PEEK: Context Map as an Orientation Cache for Long-Context LLM Agents

Large language model (LLM) agents increasingly operate over long and recurring external contexts, like document corpora and code repositories. Across invocations, existing approaches preserve either the agent's trajectory, passive access to raw material, or task-level strategies. None of them preserves what we argue is most needed for repeated same-context workloads: reusable orientation knowledge (e.g., what the context contains, how it is organized, and which entities, constants, and schemas have historically been useful) about the recurring context itself. We introduce PEEK, a system that caches and maintains this orientation knowledge as a context map: a small, constant-sized artifact in the agent's prompt that gives it a persistent peek into the external context. The map is maintained by a programmable cache policy with three modules: a Distiller that extracts transferable knowledge from inference-time signals, a Cartographer that translates it into structured edits, and a priority-based Evictor that enforces a fixed token budget. On long-context reasoning and information aggregation, PEEK improves over strong baselines by 6.3-34.0% while using 93-145 fewer iterations and incurring 1.7-5.8x lower cost than the state-of-the-art prompt-learning framework, ACE. On context learning, PEEK improves solving rate and rubric accuracy by 6.0-14.0% and 7.8-12.1%, respectively, at 1.4x lower cost than ACE. These gains generalize across LMs and agent architectures, including OpenAI Codex, a production-grade coding agent. Together, these results show that a context map helps long-context LLM agents interact with recurring external contexts more accurately and efficiently.

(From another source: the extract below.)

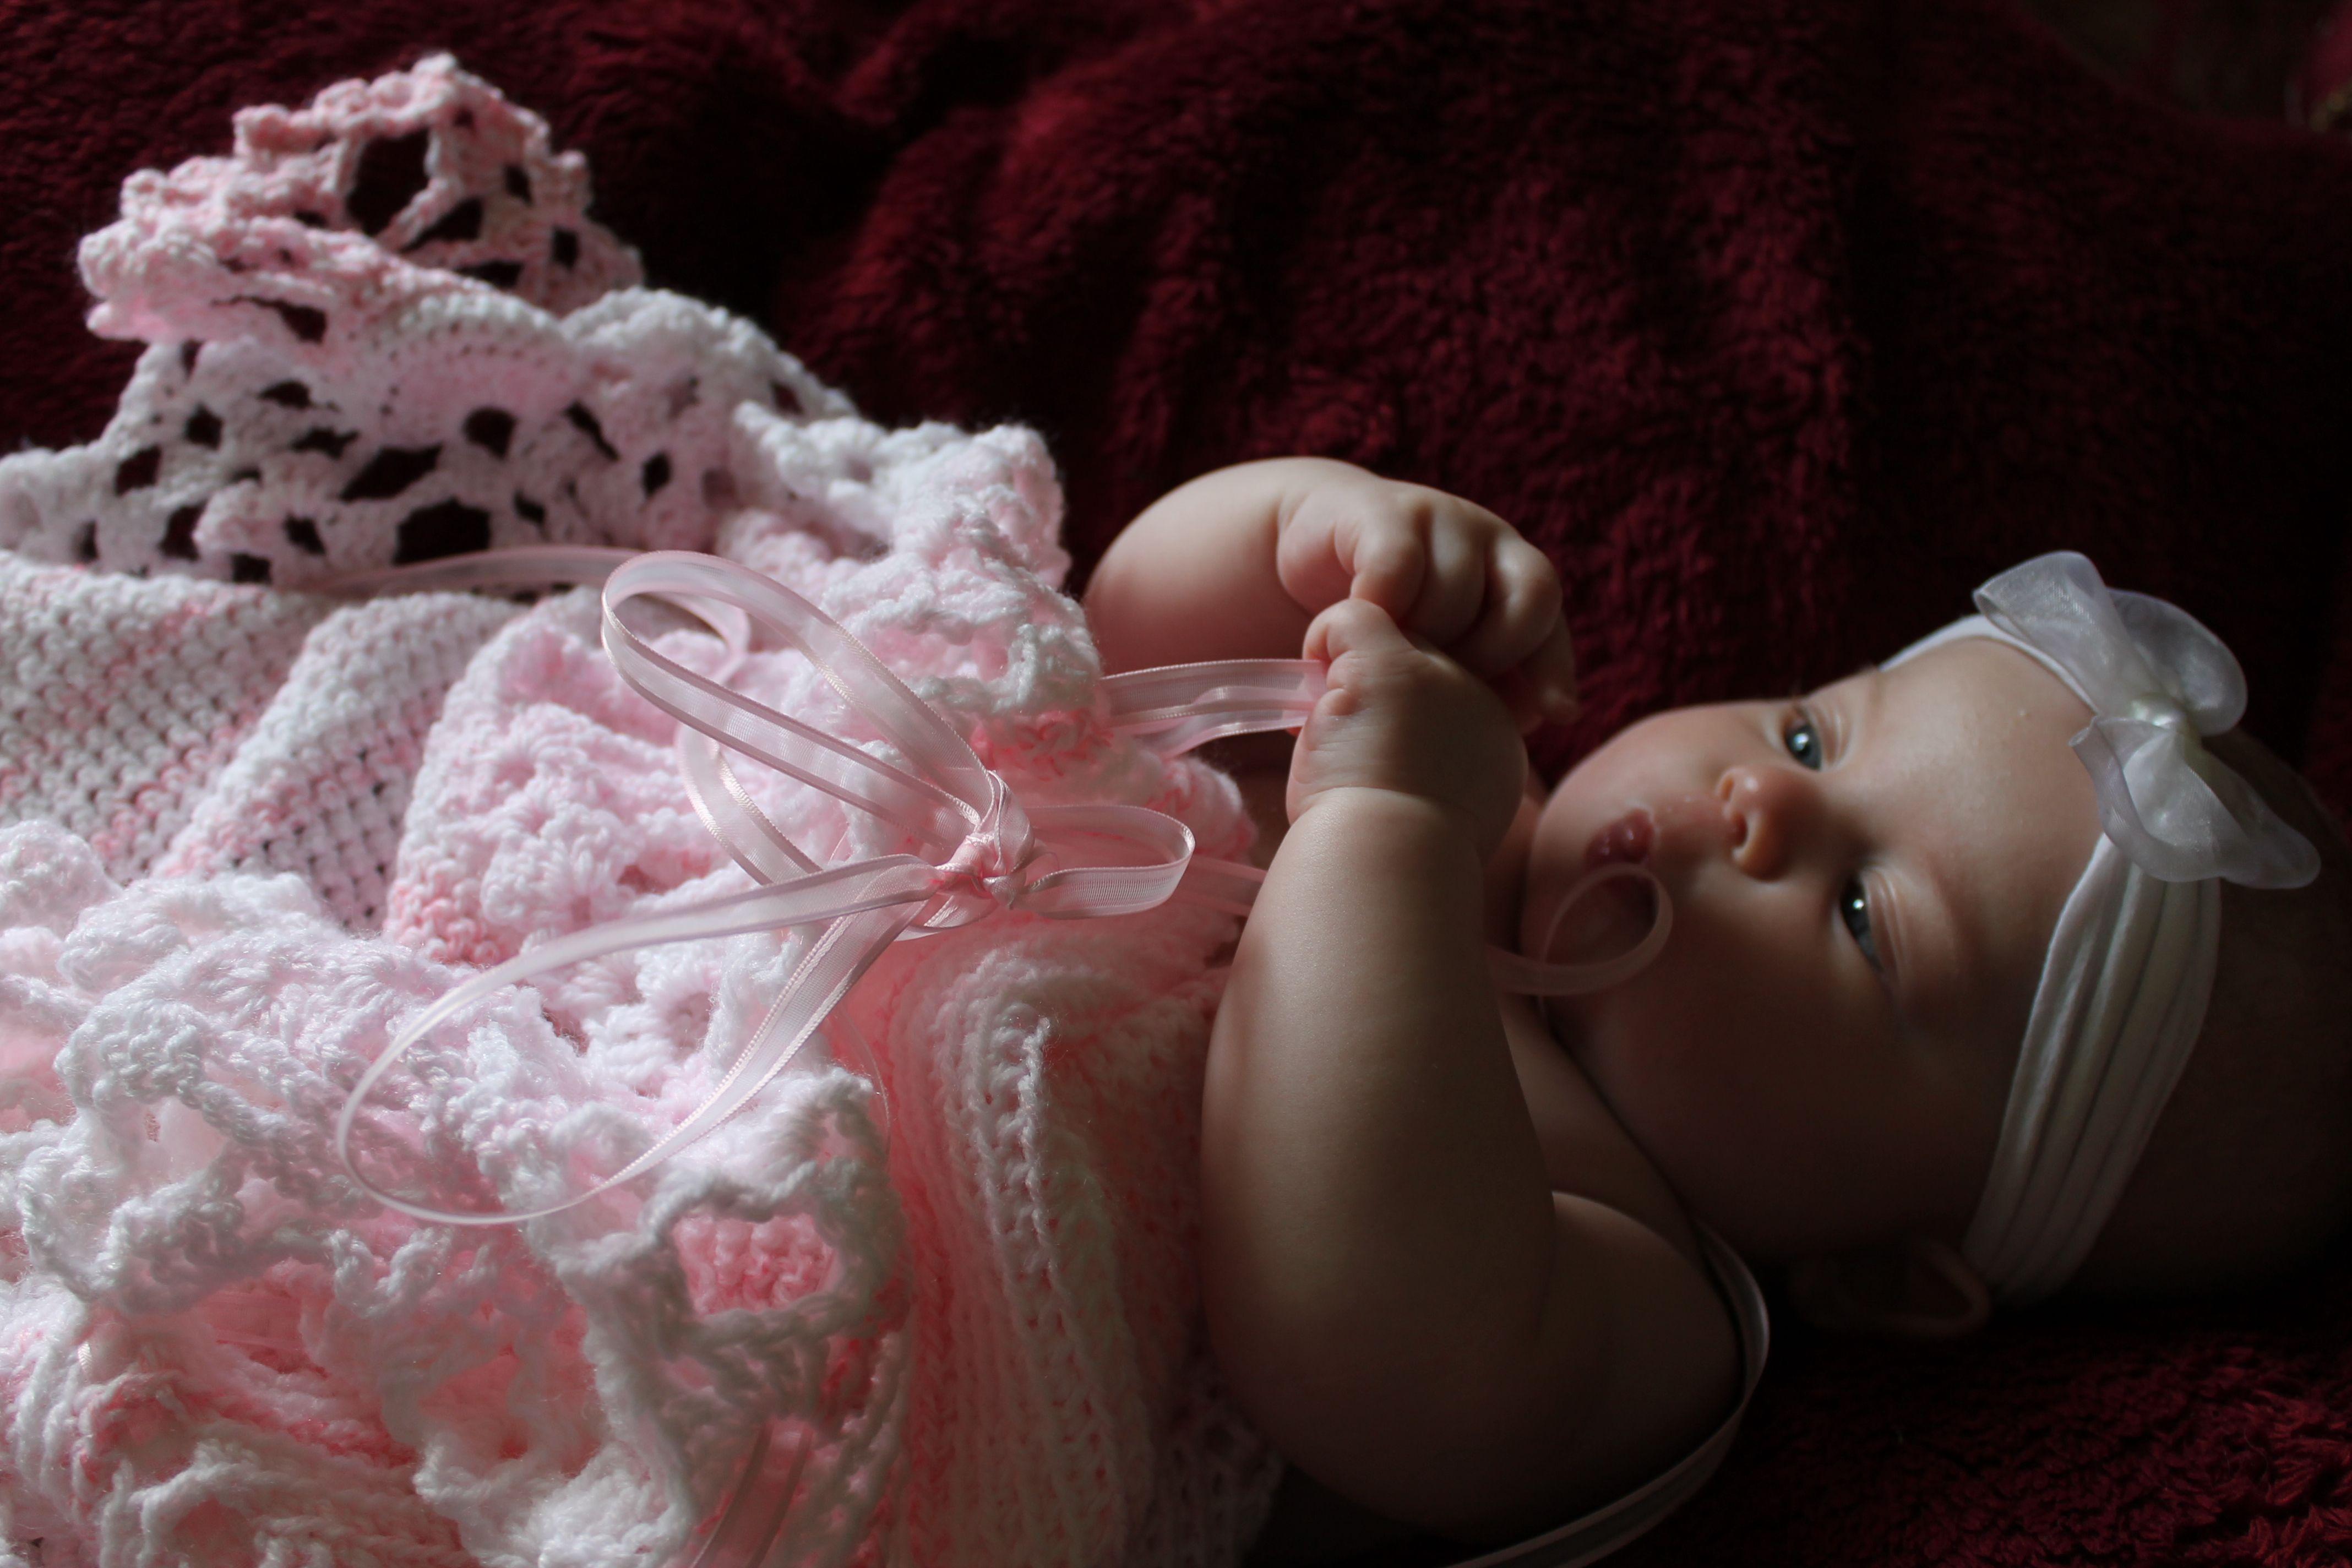 aubrey belle | pictures i love! | pinterest | belle and aubrey o'day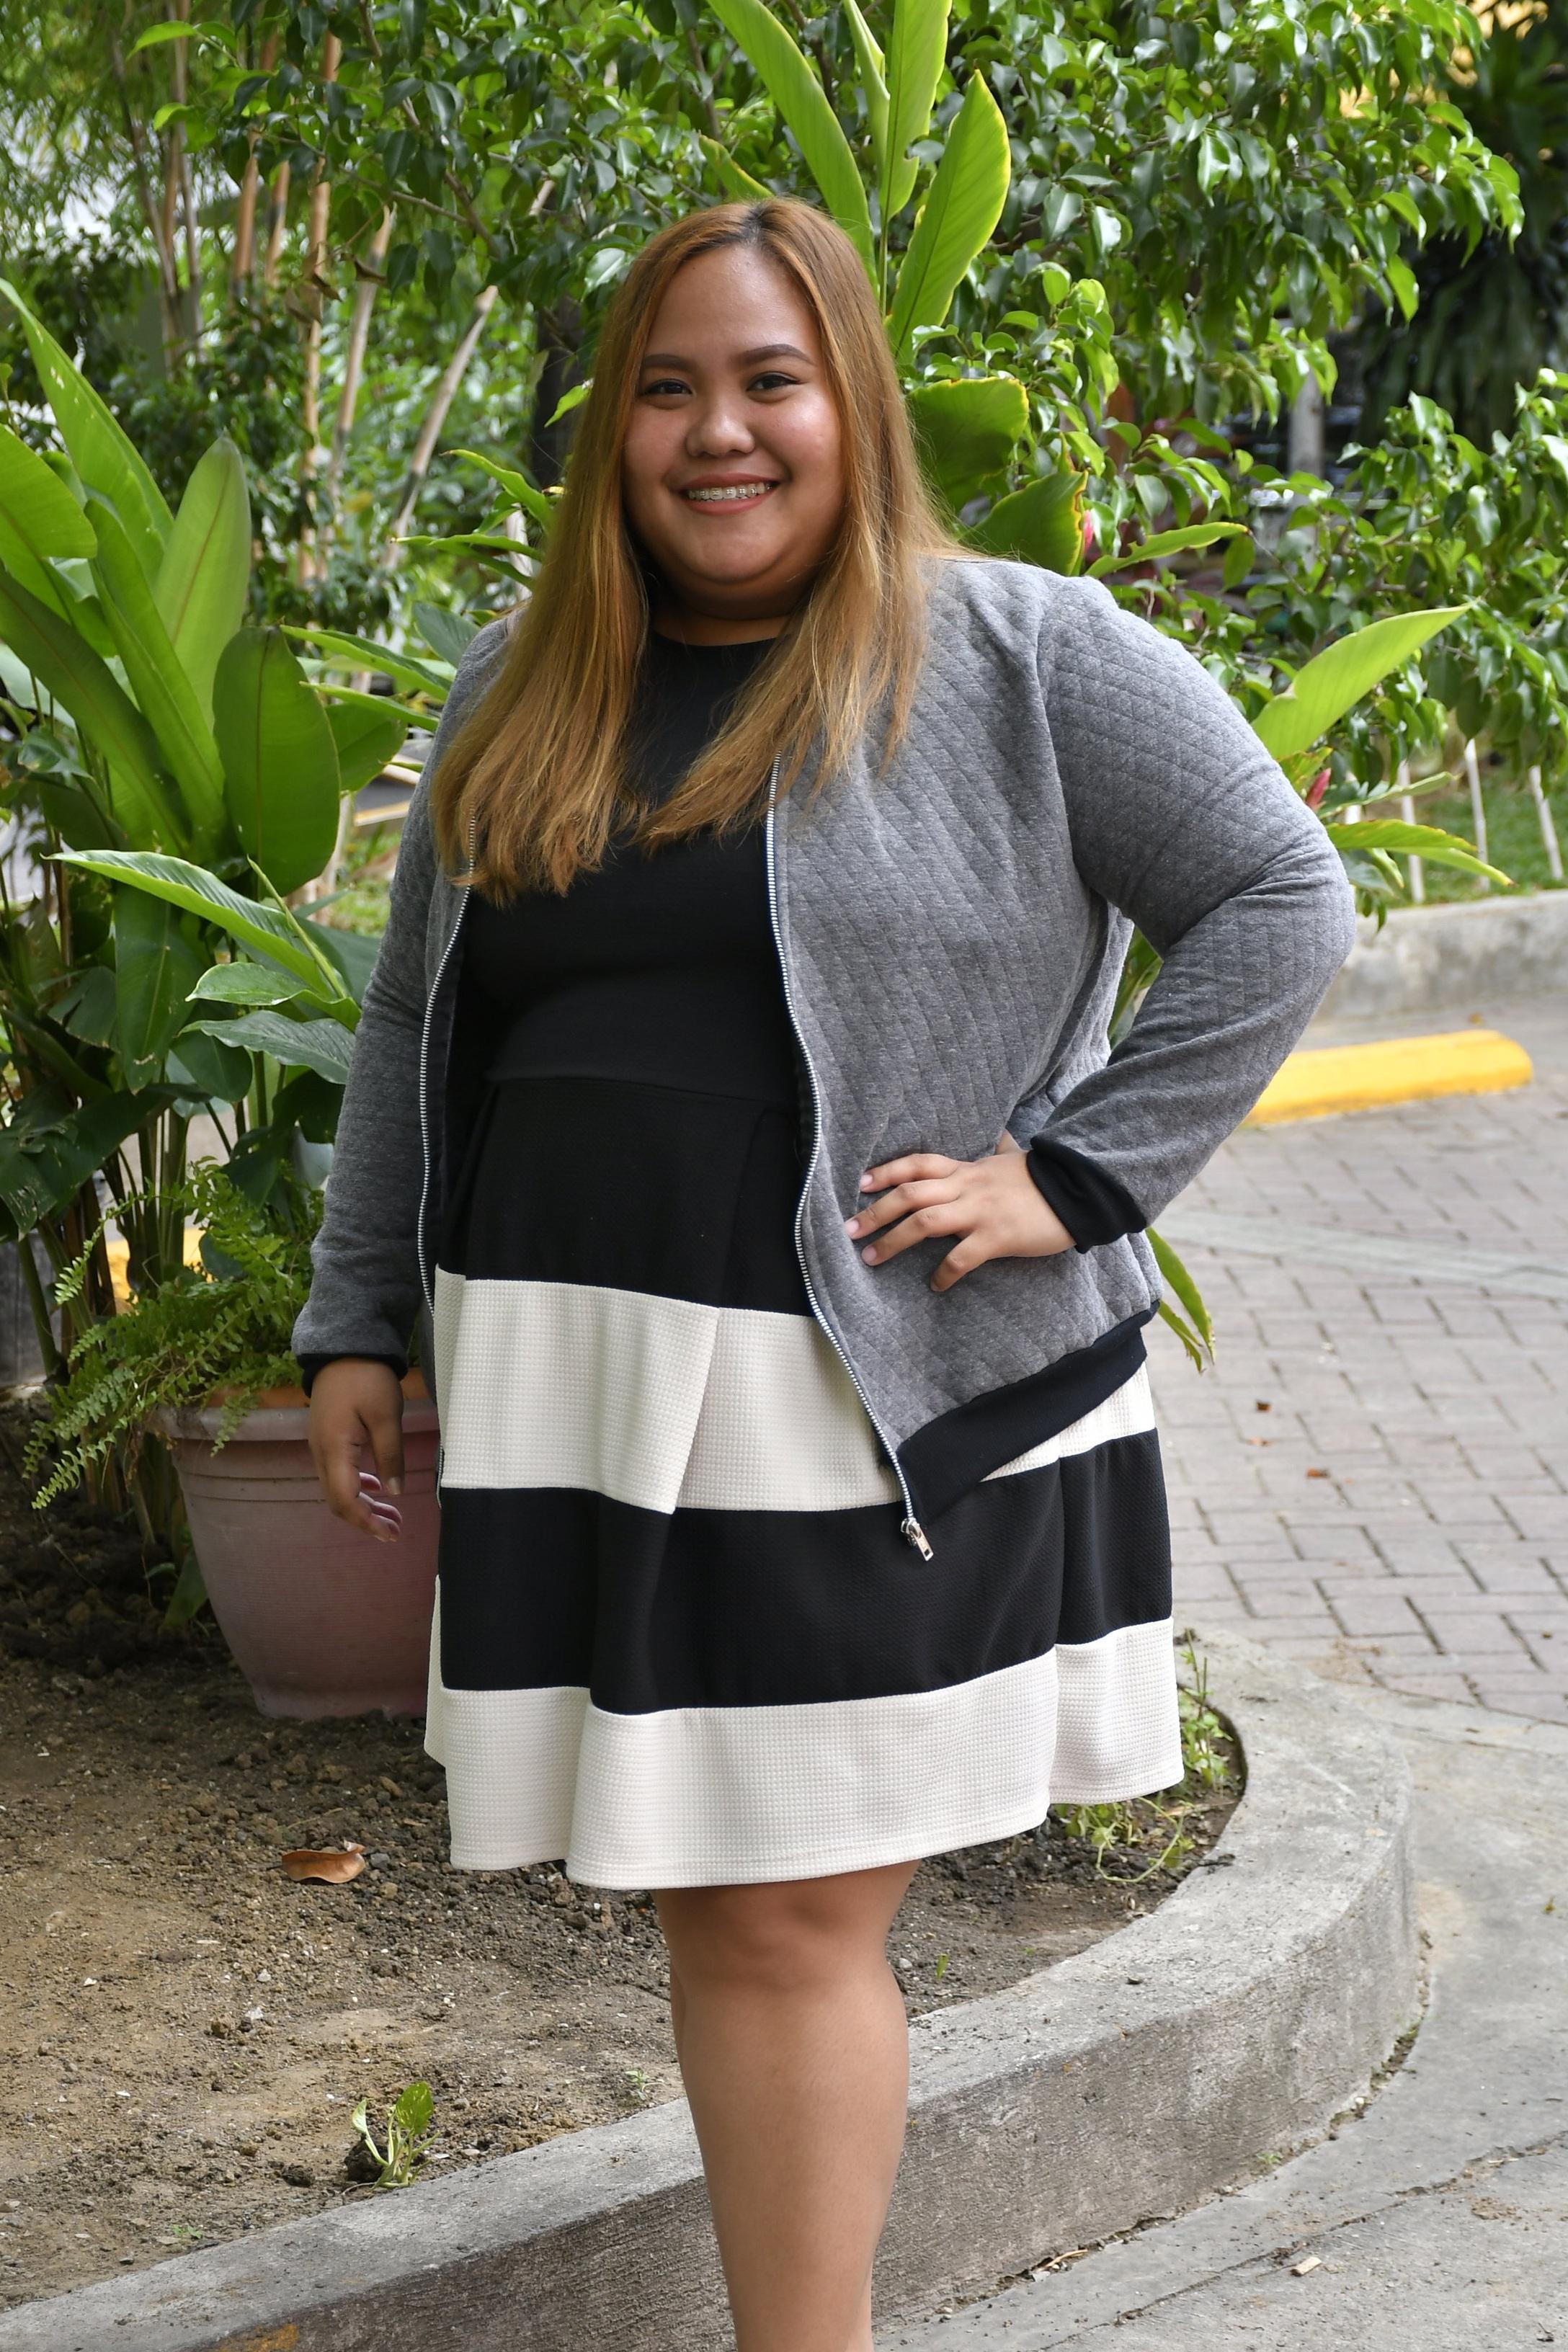 Samantha Fay Abellana - paraplanner

翻译：摘要：大语言模型（LLM）代理日益在长且重复的外部上下文（如文档语料库和代码仓库）中运行。现有方法在多次调用中仅保留代理的轨迹、对原始材料的被动访问或任务级策略，但均未保留我们认为重复同上下文工作负载中最需要的元素：关于重复上下文本身的可复用方向知识（例如上下文包含的内容、组织方式，以及历史上哪些实体、常量和模式有用）。我们提出PEEK系统，该系统将此类方向知识缓存并维护为上下文地图：一种嵌入代理提示中的小型恒定大小工件，使其能持续“窥视”外部上下文。该地图通过可编程缓存策略维护，包含三个模块：蒸馏器从推理时信号中提取可迁移知识，制图器将其转化为结构化编辑，以及基于优先级的驱逐器强制执行固定令牌预算。在长上下文推理与信息聚合任务中，PEEK相较于强基线方法提升6.3%-34.0%，同时减少93-145次迭代迭代次数，且成本比最先进的提示学习框架ACE低1.7-5.8倍。在上下文学习方面，PEEK在降低成本至ACE的1.4倍的同时，将解决率和评分准确率分别提升6.0%-14.0%和7.8%-12.1%。这些改进可泛化至不同语言模型和代理架构，包括生产级编码代理OpenAI Codex。综合结果表明，上下文地图能帮助长上下文LLM代理更准确、高效地与重复外部上下文交互。